ROVER: Regulator-Driven Robust Temporal Verification of Black-Box Robot Policies

We present a novel, regulator-driven approach for the temporal verification of black-box autonomous robot policies, inspired by real-world certification processes where regulators often evaluate observable behavior without access to model internals. Central to our method is a regulator-in-the-loop approach that evaluates execution traces from black-box policies against temporal safety requirements. These requirements, expressed as prioritized Signal Temporal Logic (STL) specifications, characterize behavior changes over time and encode domain knowledge into the verification process. We use Total Robustness Value (TRV) and Largest Robustness Value (LRV) to quantify average performance and worst-case adherence, and introduce Average Violation Robustness Value (AVRV) to measure average specification violation. Together, these metrics guide targeted retraining and iterative model improvement. Our approach accommodates diverse temporal safety requirements (e.g., lane-keeping, delayed acceleration, and turn smoothness), capturing persistence, sequencing, and response across two distinct domains (virtual racing game and mobile robot navigation). Across six STL specifications in both scenarios, regulator-guided retraining increased satisfaction rates by an average of 43.8%, with consistent improvement in average performance (TRV) and reduced violation severity (LRV) in half of the specifications. Finally, real-world validation on a TurtleBot3 robot demonstrates a 27% improvement in smooth-navigation satisfaction, yielding smoother paths and stronger compliance with STL-defined temporal safety requirements.
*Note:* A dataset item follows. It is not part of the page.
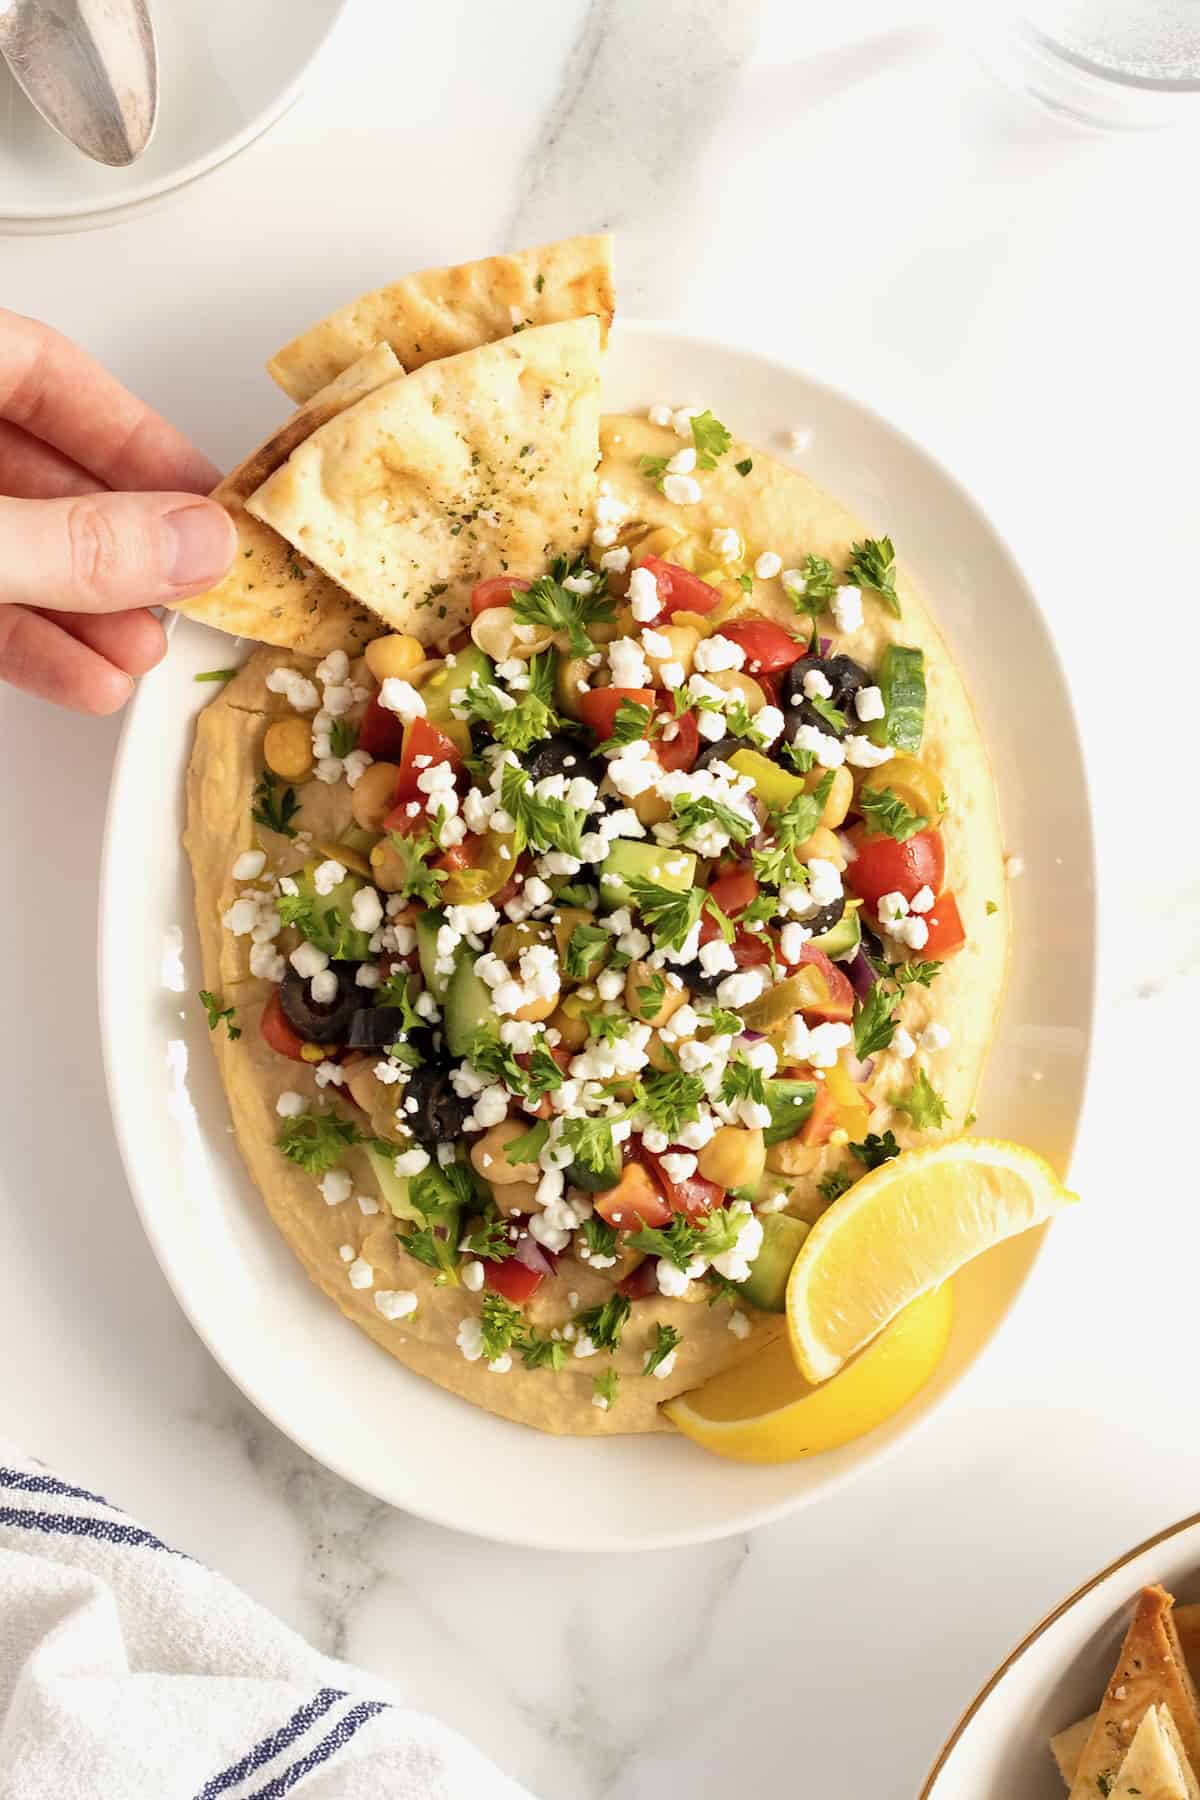 Hand grabbing pita triangle from loaded hummus topped with tomatoes, olives, cucumber, chickpeas, red onion and pepperoncini peppers in a white ceramic serving dish.

翻译：本文提出一种新颖的、受监管机制驱动的黑盒自主机器人策略时序验证方法，其灵感来源于现实世界认证流程——监管机构通常仅通过可观测行为进行评估，而无需访问模型内部结构。我们方法的核心在于采用"监管闭环"机制，通过对比黑盒策略的执行轨迹与时序安全要求进行评估。这些以优先级化信号时序逻辑（STL）规范表述的要求，能够刻画行为随时间的变化特征，并将领域知识编码至验证过程中。我们采用总体鲁棒值（TRV）与最大鲁棒值（LRV）分别量化平均性能与最差情况下的规范符合度，同时引入平均违反鲁棒值（AVRV）以度量平均规范违反程度。这些指标共同指导针对性重训练与迭代式模型改进。我们的方法兼容多种时序安全要求（如车道保持、延迟加速和转向平顺性），在两个不同领域（虚拟竞速游戏与移动机器人导航）中捕捉持续性、序列性和响应性特征。在两种场景共六项STL规范的测试中，监管引导的重训练使规范满足率平均提升43.8%，其中半数规范的平均性能（TRV）持续改善且违反严重程度（LRV）降低。最后，在TurtleBot3机器人上的真实场景验证表明，平顺导航满足率提升27%，生成路径更平滑且对STL定义的时序安全要求具有更强符合性。